* _What you will do_
Below are the records; extract from them the line containing "Plafón LED de" to the line containing "El primer test", both lines included, exactly and with no pictures.

* _Data_
----------

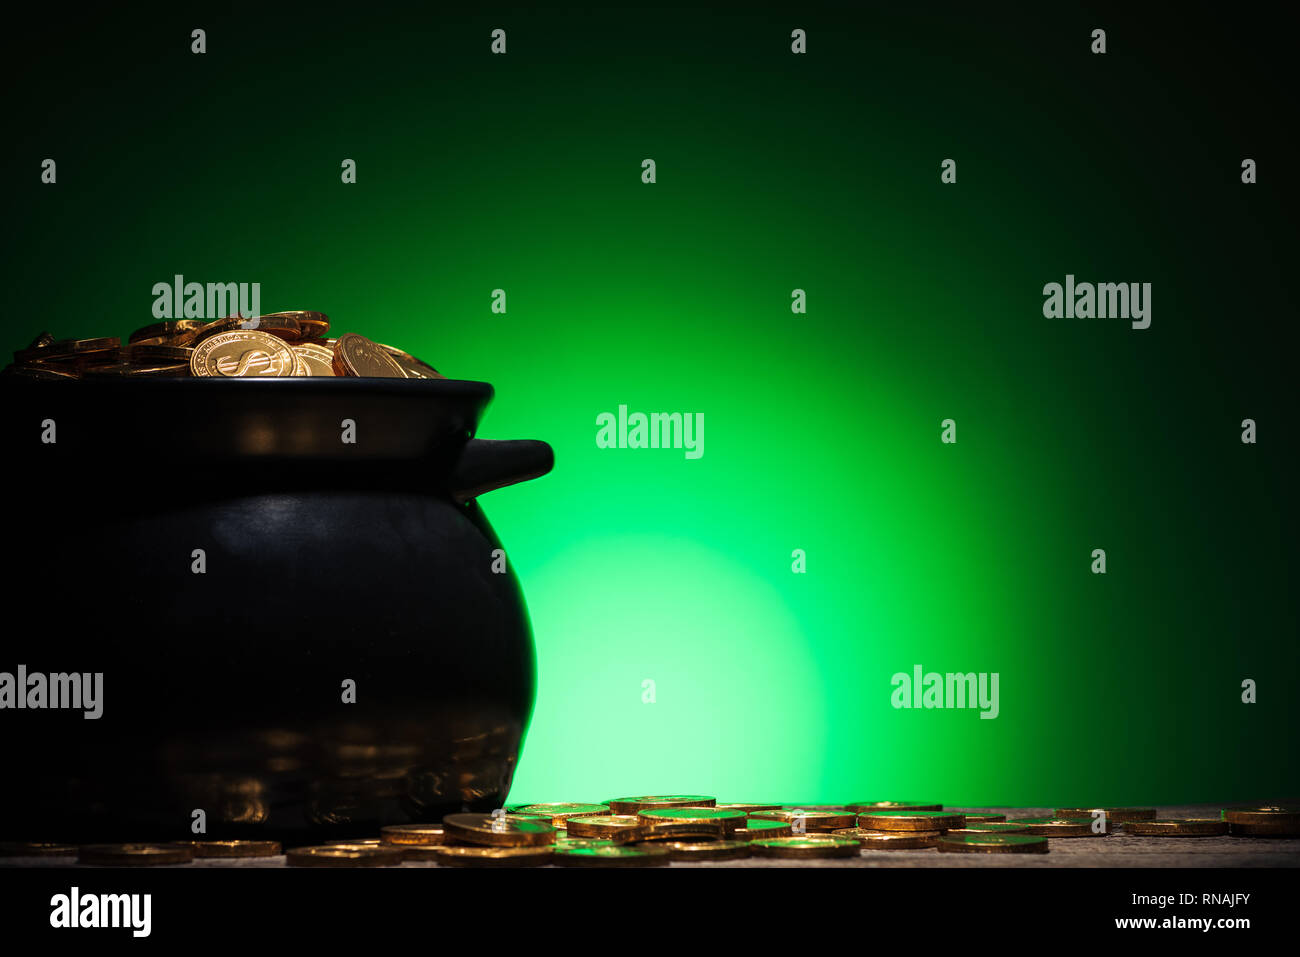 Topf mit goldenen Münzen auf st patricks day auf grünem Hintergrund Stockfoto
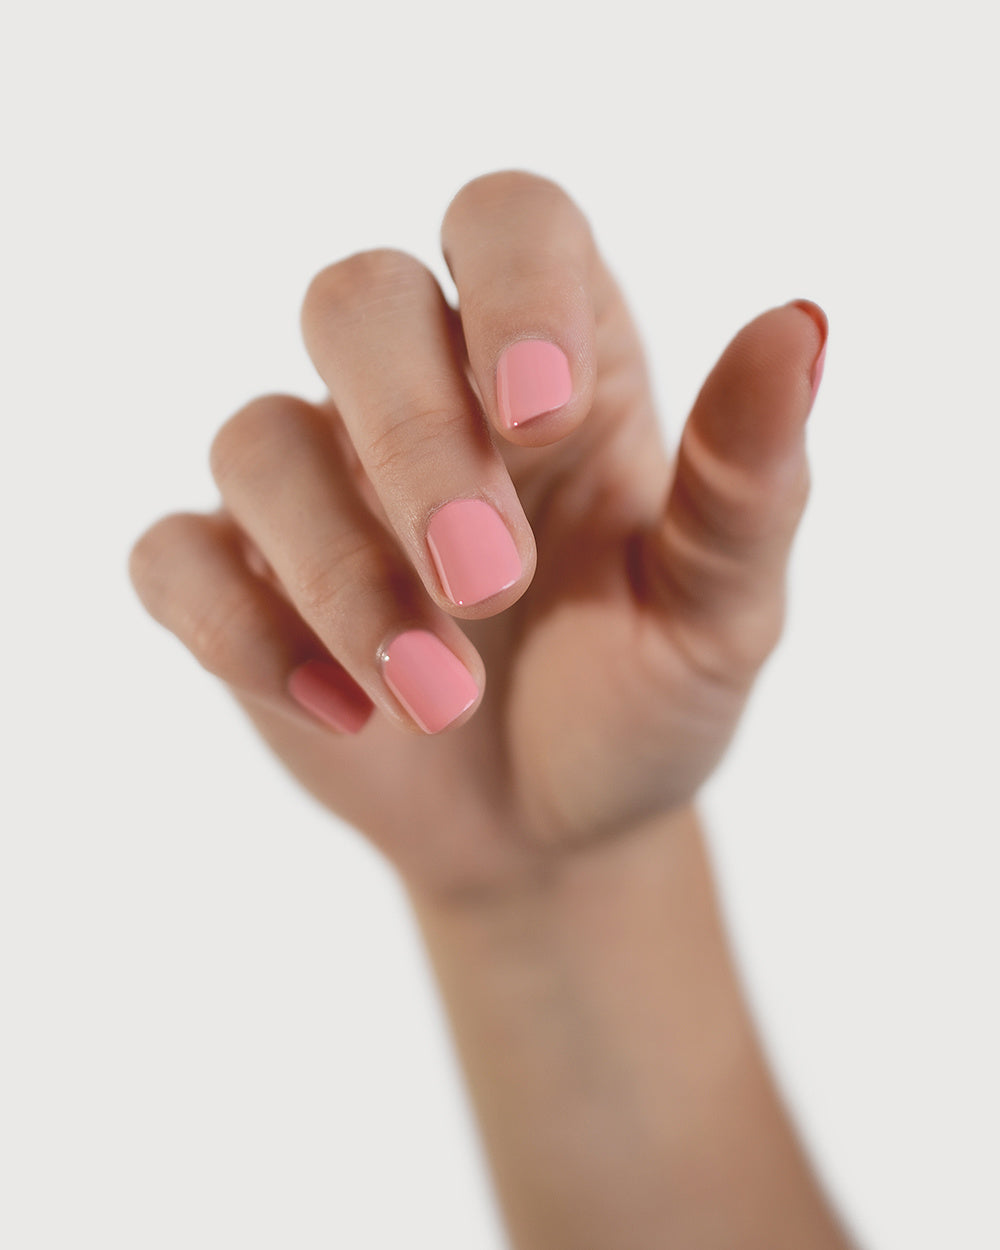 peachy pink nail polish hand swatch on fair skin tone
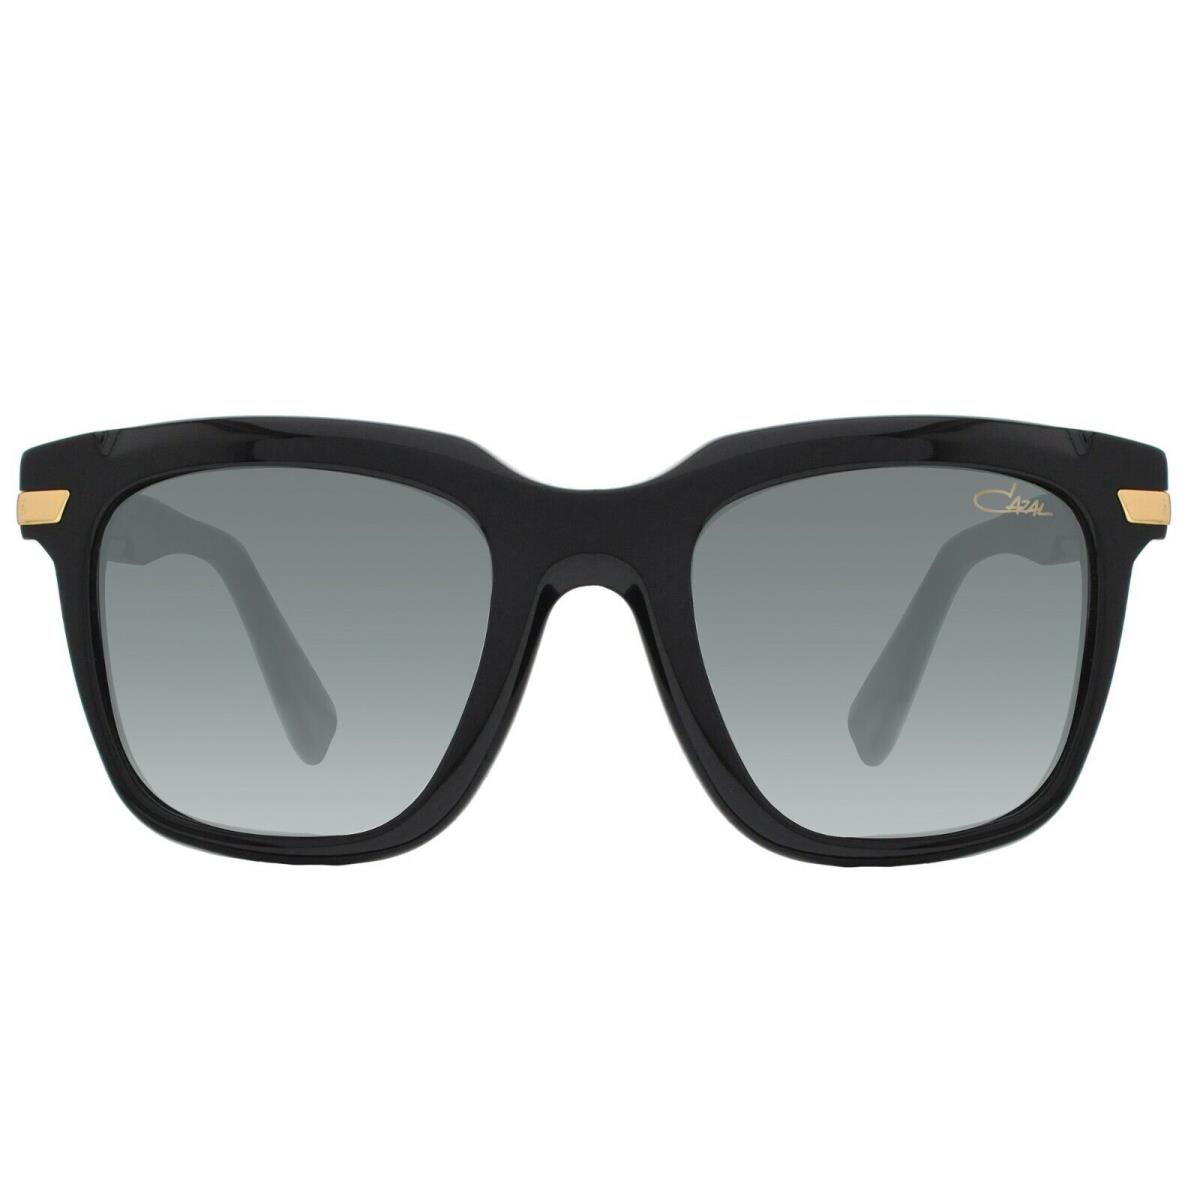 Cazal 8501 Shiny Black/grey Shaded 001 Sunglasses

----------

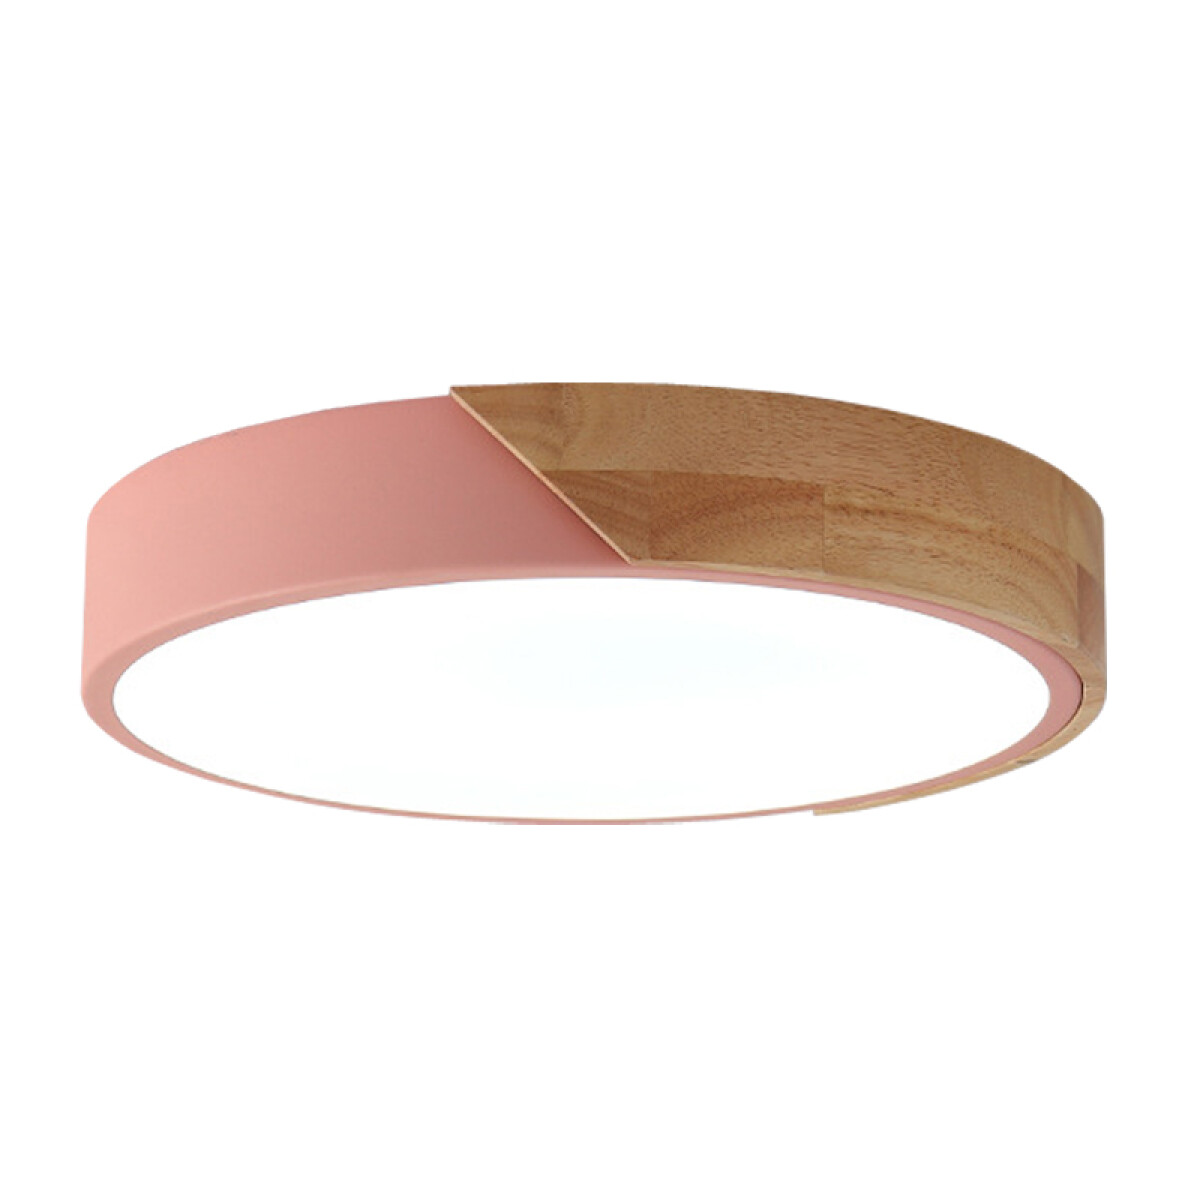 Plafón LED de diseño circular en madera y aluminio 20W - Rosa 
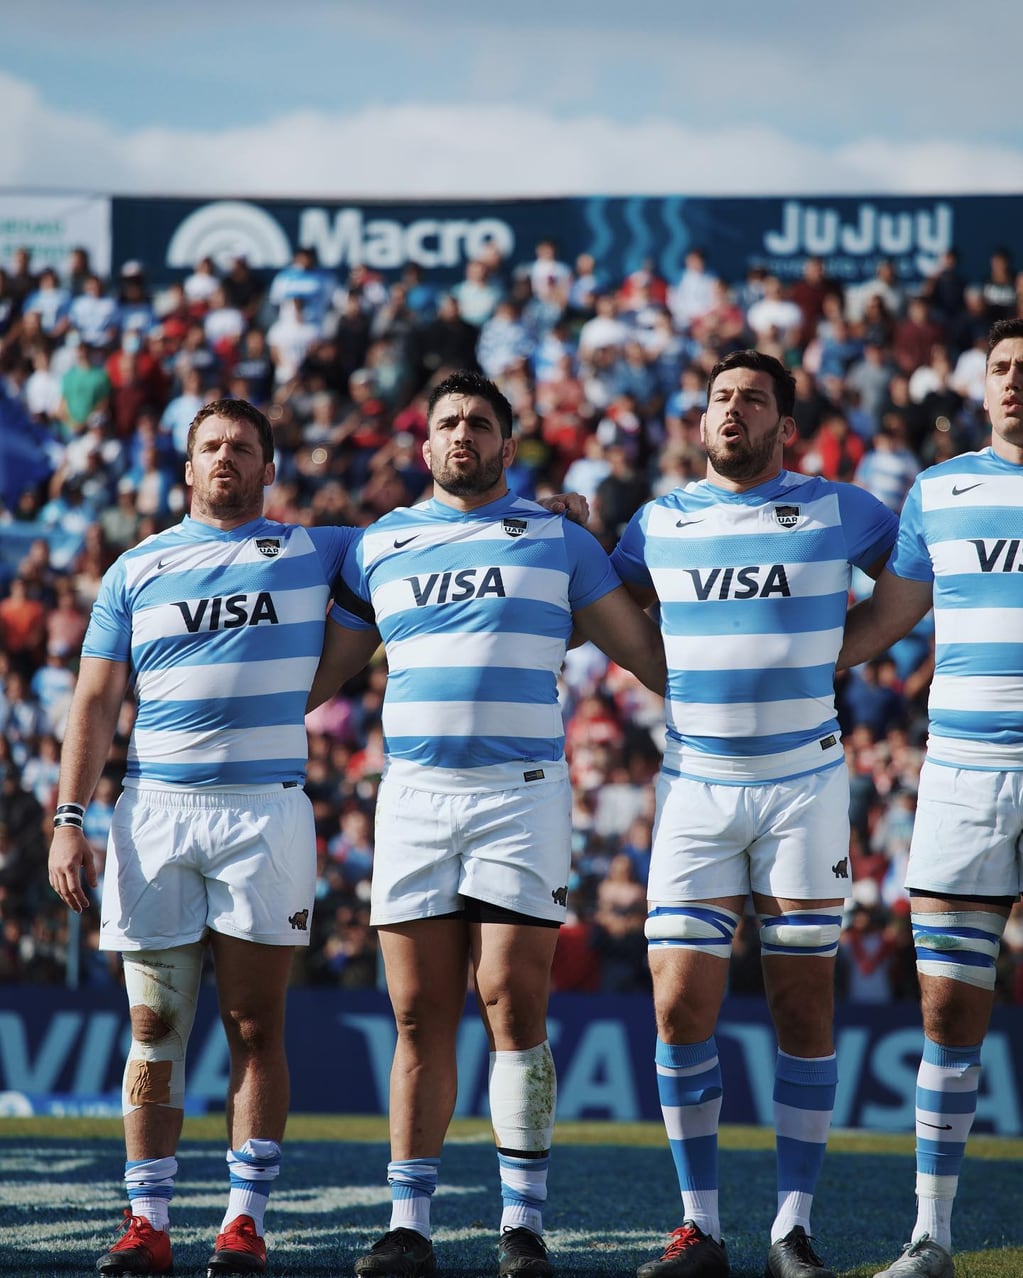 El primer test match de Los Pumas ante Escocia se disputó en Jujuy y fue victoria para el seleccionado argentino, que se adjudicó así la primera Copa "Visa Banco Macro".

----------

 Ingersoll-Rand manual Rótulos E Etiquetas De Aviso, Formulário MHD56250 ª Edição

----------

* _Written response_
 Plafón LED de diseño circular en madera y aluminio 20W - Rosa 
 El primer test match de Los Pumas ante Escocia se disputó en Jujuy y fue victoria para el seleccionado argentino, que se adjudicó así la primera Copa "Visa Banco Macro".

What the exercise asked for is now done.